Most genetic defects so far identified in pancreatic islet cells concern the pathway of proinsulin biosynthesis and conversion (Chan et al., 1979 1986; Gabbay et al., 1979). The present review refers to a line of tumoral islet cells, namely RINm5F cells (Gazdar et al., 1980), in which several site-specific biochemical and functional anomalies have been identified over recent years.
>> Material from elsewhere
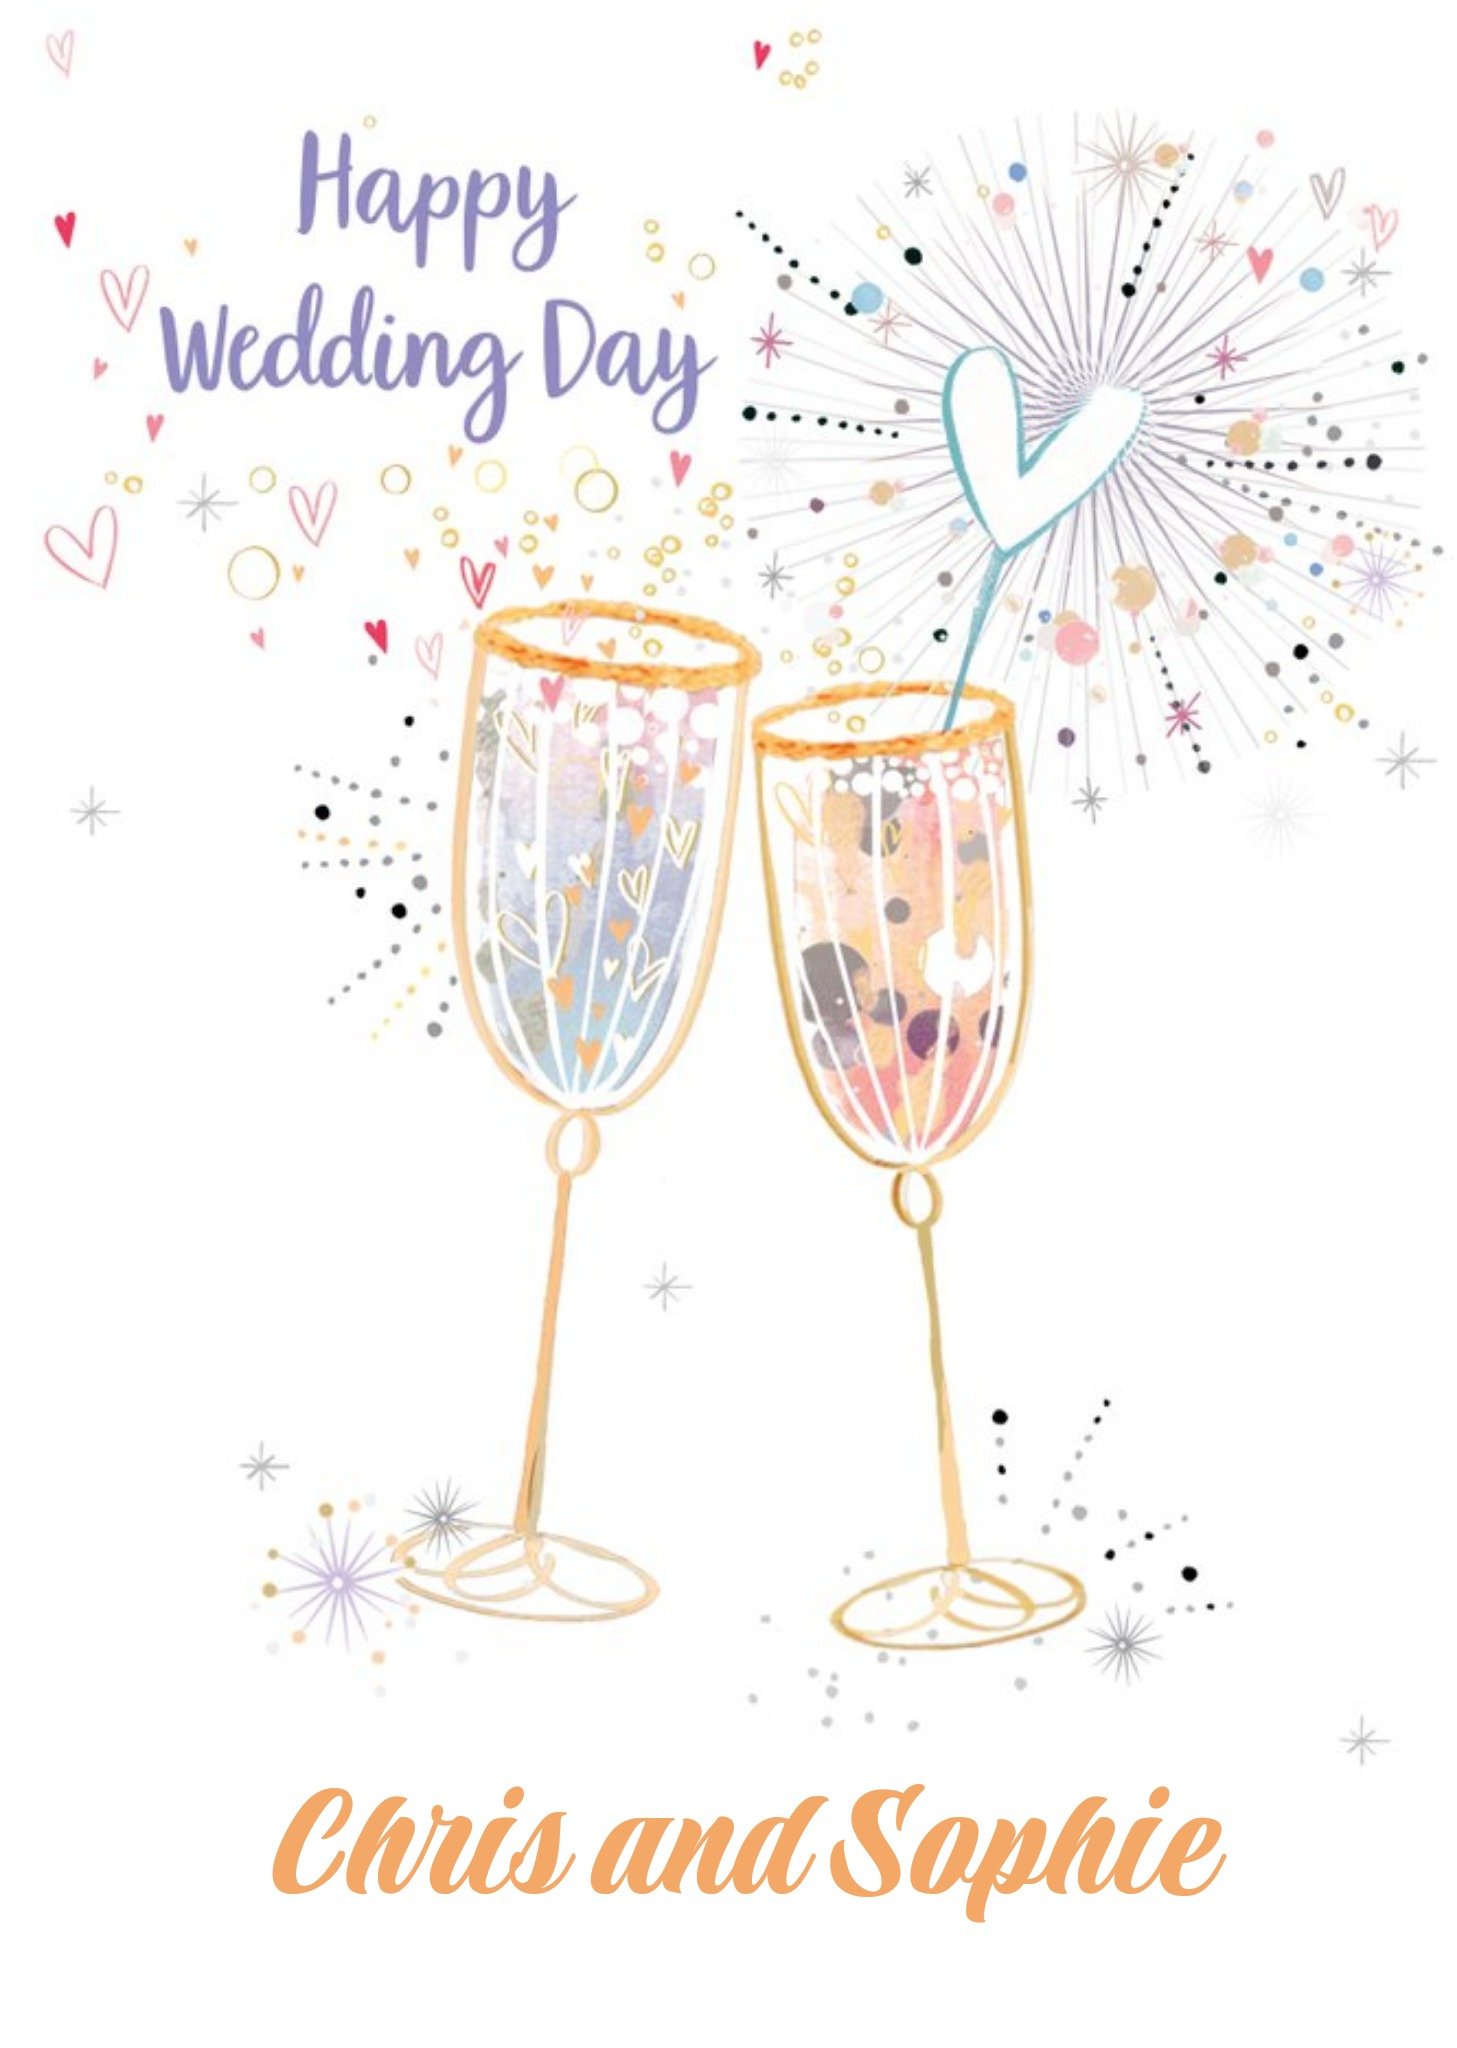 Moonpig Illustration Of Two Glasses Of Wine Surrounded By Sparkles And Hearts Wedding Day Card Ecard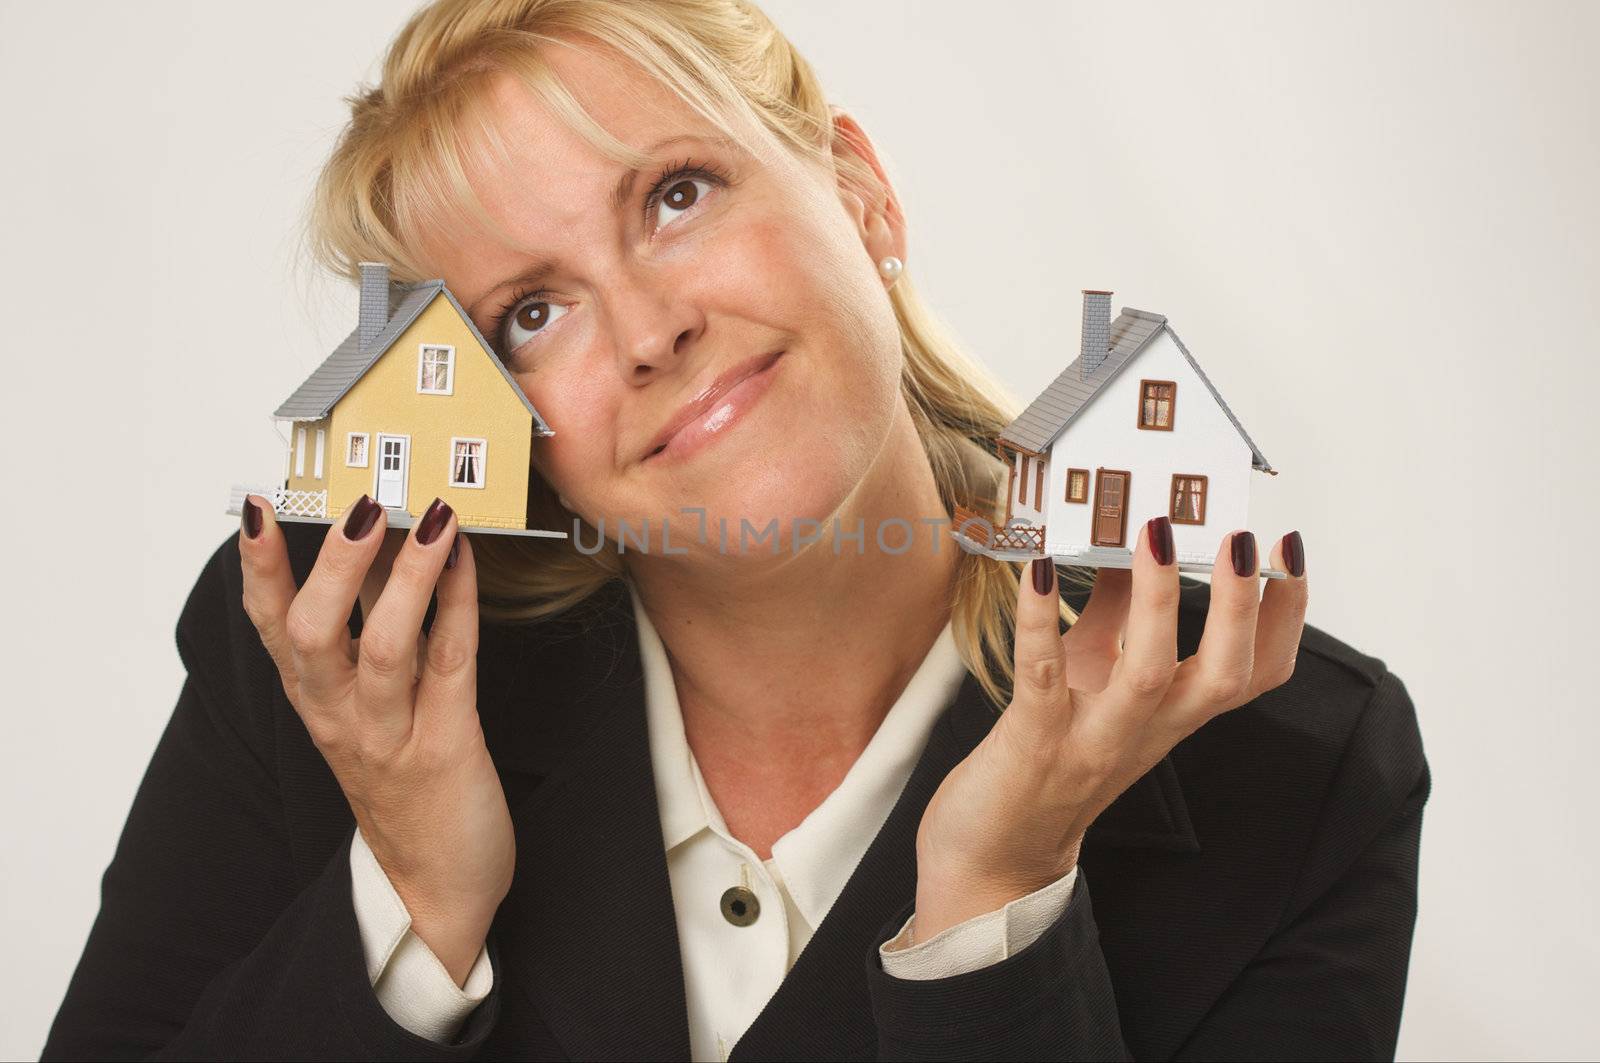 Female dreaming while holding two houses.

Anomaly in hexose transport

D-glucose represents, under physiological conditions, the major, albeit not the sole, regulator of insulin release. It is currently believed that the identification of D-glucose as an insulin secretagogue is tightly and causally linked to the capacity of the hexose to be metabolized and to augment the rate of ATP generation in the pancreatic B-cell (Malaisse et al., 1979). Several rather specific features of D-glucose metabolism in normal islet cells are well suited to this glucose-sensing role. The first of these features consists of the rapid equilibration of D-glucose concentration across the B-cell plasma membrane (Hellman et al, 1971). The following findings indicate that hexose transport is perturbed in tumoral islet cells.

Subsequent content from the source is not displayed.